Compensation is not a Cure: an Example Involving Blood Pressure

Near the entire corpus of present day medicine for age-related disease, even the comparatively successful treatments, is essentially compensatory in nature. It fails to address in any meaningful way the underlying causes of aging and disease. "Comparatively successful" is presently measured against doing nothing, rather than against the goal of a cure, of controlling the aging process. By that latter standard, there is no such thing as successful medicine for age-related disease. Yet.

The research noted here is one small demonstration of the point that compensatory efforts fail because they do not address the root causes of the problem: the underlying pathology marches on, overwhelms the bounds of possible compensatory efforts, and patients decline and die as a result. Blood pressure rises with age because blood vessels stiffen, because of persistent cross-links in the extracellular matrix, and because of calcification encouraged by the presence of senescent cells, and because of related dysfunctions in the signaling mechanisms that coordinate vascular contractions and reactions to pressure. Current pharmaceuticals that do reliably lower blood pressure do nothing for the roots of the issue.

Hypertension affects about 40% of those aged over 25 and is a major risk factor for heart disease, stroke and kidney failure. An interdisciplinary group of scientists found that conventional medication aimed at reducing high blood pressure restored normal vascular rhythms only in the largest blood vessels but not the smallest ones. "It is clear that current anti-hypertensive treatments, while successfully controlling blood pressure, do not restore microvascular function."

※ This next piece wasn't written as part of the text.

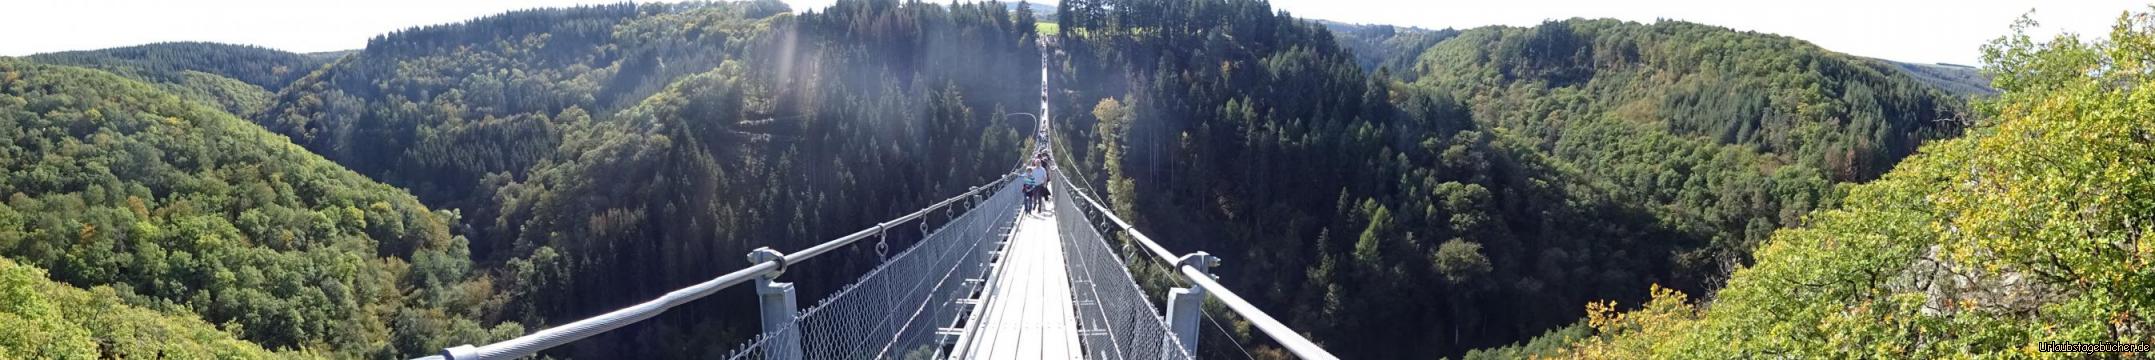 Tolle Rundumsicht von der Hängebrücke Geierlay: Tolle Rundumsicht von der Hängebrücke Geierlay
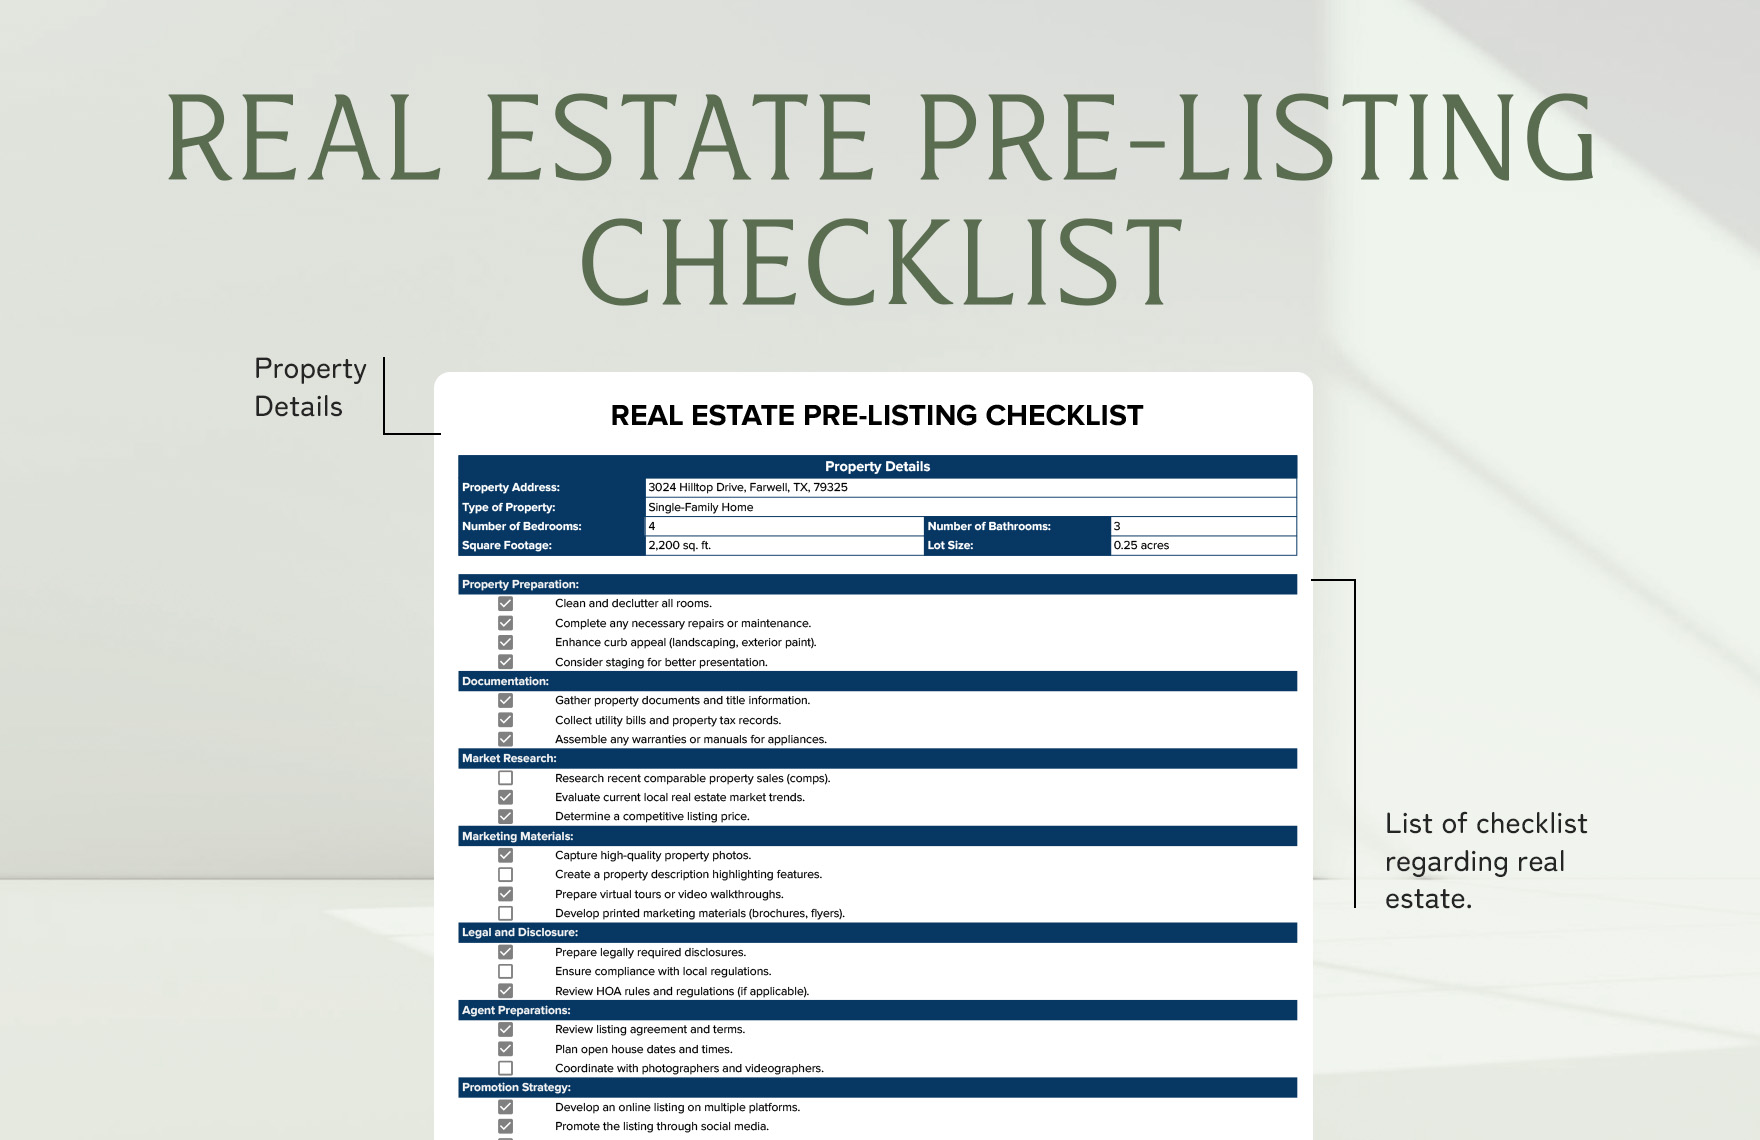 Real Estate Pre-Listing Checklist Template

Based on a networks physiology approach, the researchers compared a group aged in their twenties and two older groups aged around 70 - one with no history of hypertension and the other taking medications for high blood pressure. In the older group being treated for high blood pressure the drug treatment restored normal function at the level of arterioles and larger vessels. But when the researchers studied the nonlinear dynamical properties of the smallest blood vessels in the body, they found differences between the two older groups.

"Specifically, current hypertensive treatment did not fully restore the coherence or the strength of coupling between oscillations in the heart rate, respiration, and vascular rhythms (vasomotion). These are thought to be important in the efficient and adaptive behaviour of the cardiovascular system. Indeed, one aspect of ageing is the progressive physiological weakening of these links that keep the cardiovascular system reactive and functional. The results have not only confirmed previous observations of progressive impairment with age of the underlying mechanisms of coordination between cardiac and microvascular activity, but for the first time have revealed that these effects are exacerbated in hypertension. Current antihypertensive treatment is evidently unable to correct this dysfunction."